This MRI data protocol details
1) The MRI data required / desirable for patients and controls in the MELD focal epilepsies project
2) How to convert the MRI data from dicom to nifti
3) How to ensure all identifiable data is stripped from the header
4) How to deface the data
5) How to convert the data into BIDS format
6) How to send the anonymised data to the study coordinators
Please refer to protocol 1 for inclusion / exclusion criteria and retrieval of necessary anonymised demographic and clinical information.
PLEASE NOTE: To take part in the MELD Project each site will be required to 1) sign our memorandum of understanding and 2) provide a letter from the head of department or local R&D office confirming that they have obtained appropriate ethical approval to share the anonymised data with UCL.
Guidelines
If you have any questions or run into problems, please feel free to contact the MELD project: ([email protected])
Before start
Ensure that you have "cloned" the MELD file structure and scripts from github. (https://github.com/MELDProject/meld_focal_epilepsy)

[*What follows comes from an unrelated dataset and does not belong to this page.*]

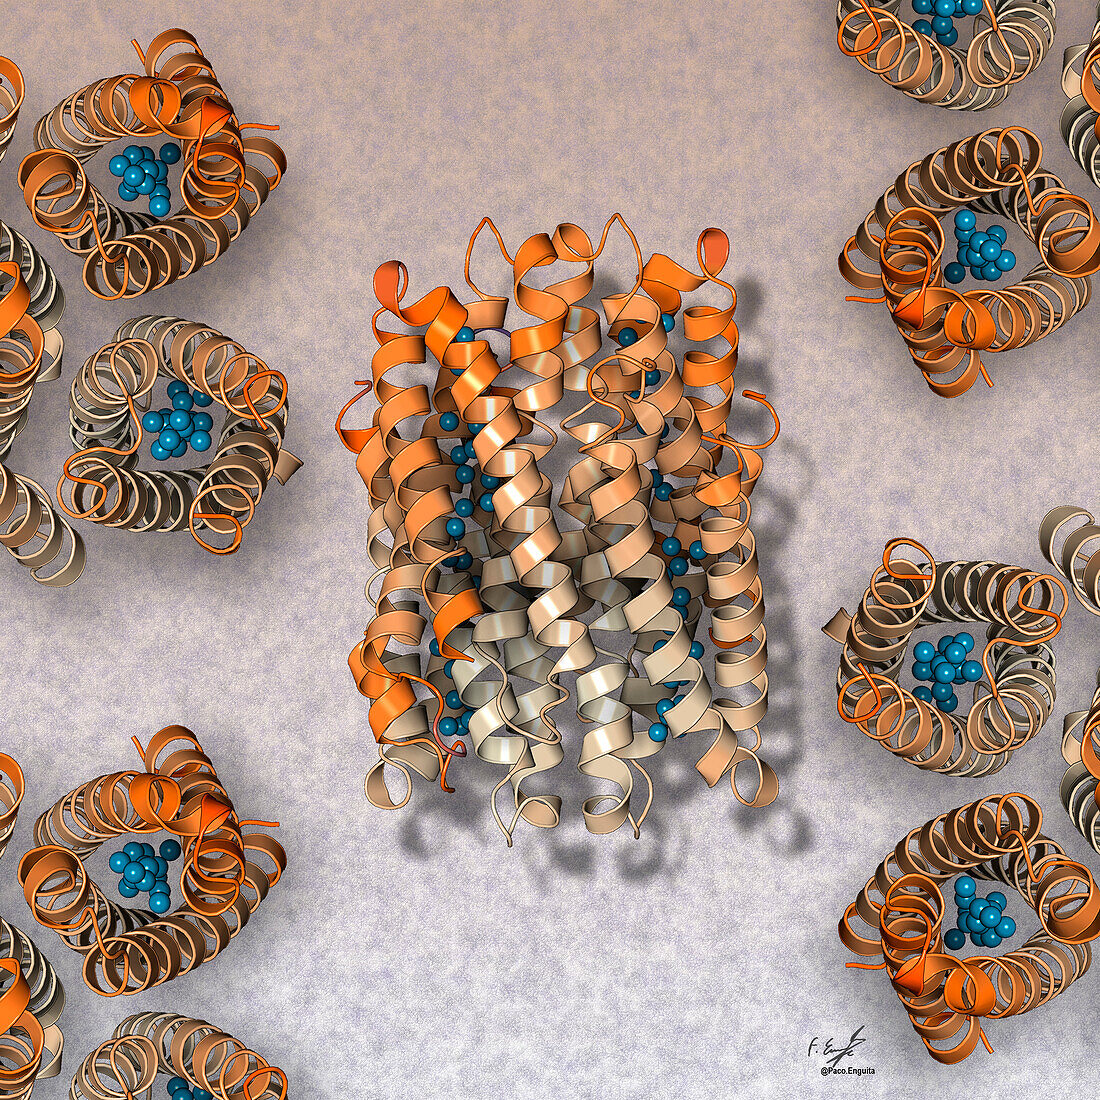 Copper storage proteins, illustration

To do this, in a terminal window cd into the location you wish to store the data.
cd <path>
Then "clone" the repository using the following command:
git clone https://github.com/MELDProject/meld_focal_epilepsy
This will download all of the scripts & template folder structure necessary for the MELD focal epilepsy project.
Initial setup
For this protocol you will need to have installed :
- Anaconda
- FSL 6.0
- The meld_focal_epilepsy package
- The mfe_env conda environment
Install Anaconda & FSL
To check if you already have anaconda installed, in your terminal window run:
conda --version
It should return the version of your current conda installation e.g "conda 4.10.1"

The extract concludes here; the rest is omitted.